Bus C rozpoczął swoją robotę o godzinie 5 rano w niedzielę. Przemierzając od zmierzchu do świtu lokalne ścieżki i główne polskie drogi dotarliśmy do Woli Stępowskiej, gdzie ku naszemu zdziwieniu śniadaniem przywitała nas Pani Sołtysowa, która ugościła nas kanapkami, kawą, herbatą i ciastem. Nagle u sołtysowej był cały nasz bus, do tego bus A i chłopaki z kampera. Jeden z nich wpadł nawet z ukulele i zaczął grać . Zabawa przednia. Po śniadaniu czekał nas prysznic i obiad w Uroczysku Michałów. Popołudniu nastąpiła chwila drzemki, kawa, przepak i w drogę.

Wieczorem zaczęło być zimno a my w gorącej atmosferze ruszyliśmy w ostatni etap z Kopytowa do Warszawy. Będąc już w Warszawie przy rondzie Tybetu dołączyli pozostali runnersi i całą ekipą biegliśmy do Jurka Owsiaka.

W namiocie TVNu gdzie było całe mobilne studio orkiestrowe było jeszcze więcej fotoreporterów, radości, euforii. Było wejście live na antenę, podziękowania i ogólnie petarda. Po drodze zebraliśmy mnóstwo pieniędzy i z przeświadczeniem dobrze wykonanej roboty wróciliśmy do Gniezna.

Bartek Aleksandrowicz

RELACJA BUSA B

Krzysztof zbierał nas wszystkich od g. 20.00. Miały być mercedesy, ale nie zgadzał się znaczek na grillu. W środku też nie wyglądało to na mercedesa. Podobno grupa A miała wypasiony bus. Grupa C miała gorszego busa od nas, bo nie miał on radia. Nasz miał, choć nikt nie znał kodu. Stwierdziliśmy wspólnie, że mimo braku kodu do radia jakoś damy radę do Warszawy.
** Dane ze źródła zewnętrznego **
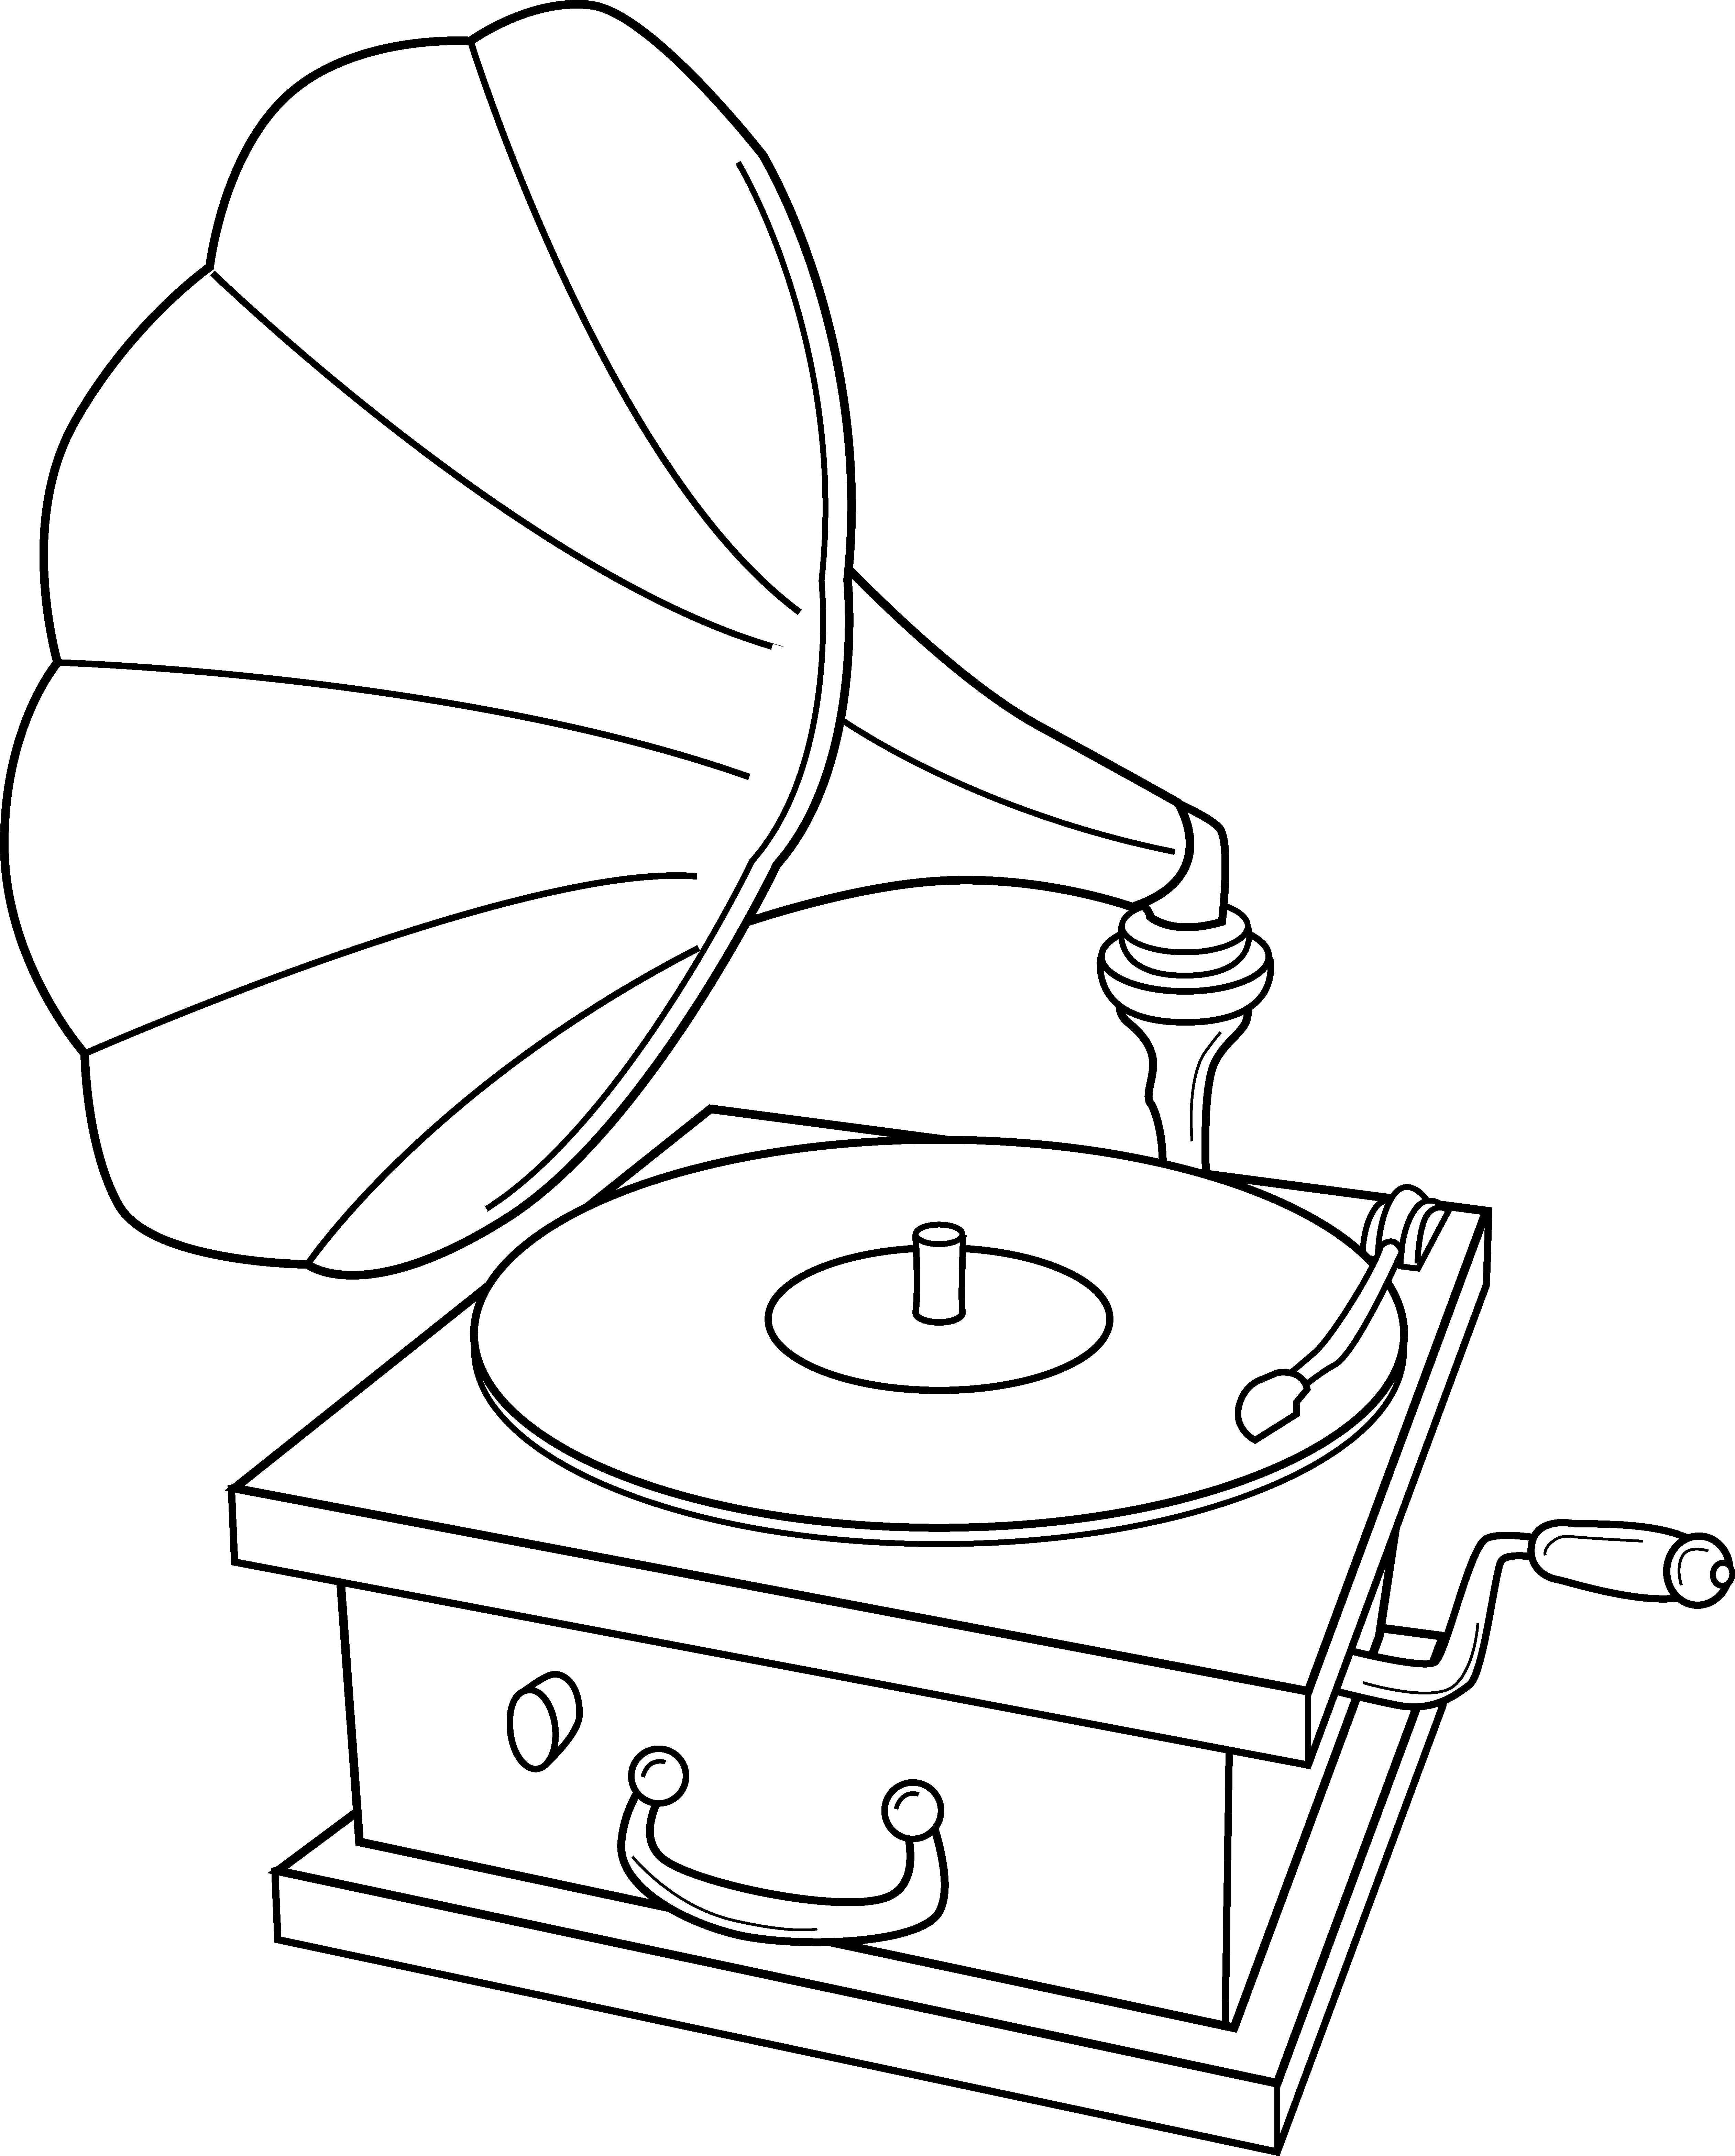 Xylophone clipart draw. Old record player drawing

Maciej cały czas gadał i było pewne, że nie zaśniemy. Byliśmy przy tym mocno podekscytowani samym biegiem, ale to głównie przez Macieja nikt nie zmrużył oka. Dojechaliśmy w końcu na zmianę z grupą A. Pogoda biegowa, ciemno i zimno. Pierwszą zmianę miał Piotr, Krzysztof i Asia. Szybko założyli flagi i z uśmiechem ruszyli w trasę. Trochę im zazdrościliśmy, że są już na trasie. 20 km zleciało im raz dwa. Biegli na dość ruchliwej trasie, w okolicach kopalni węgla brunatnego w Kleczewie. Ruch był duży, bo kopią tam na potęgę.

W tym czasie busa kierował Maciej, który, jak się okazało, znał kod do radia, ale tylko jakiegoś włoskiego. Kolejna zmiana to Adam, ja i Maciej. Zaczęliśmy od osobliwej stacji paliw w Sompolnie, gdzie lokalna młodzież spotyka się by wspólnie pobiesiadować bez alkoholu. Kamper z naszą WOŚPową ekipą też tam był. Zawsze czekali w miejscu zmian. W gminie Babiak dołączył do nas szef miejscowego WOŚPu z kilkoma osobami i biegł z nami ponad 10 km. Jeszcze bardziej nas zaskoczyło to, że w samym Babiaku czekało ok. 30 osób. Dla przypomnienia była wtedy godzina 1.30. Dobrze, że siatkarki grały tego wieczoru 5 setów, bo kto by tyle na nas czekał.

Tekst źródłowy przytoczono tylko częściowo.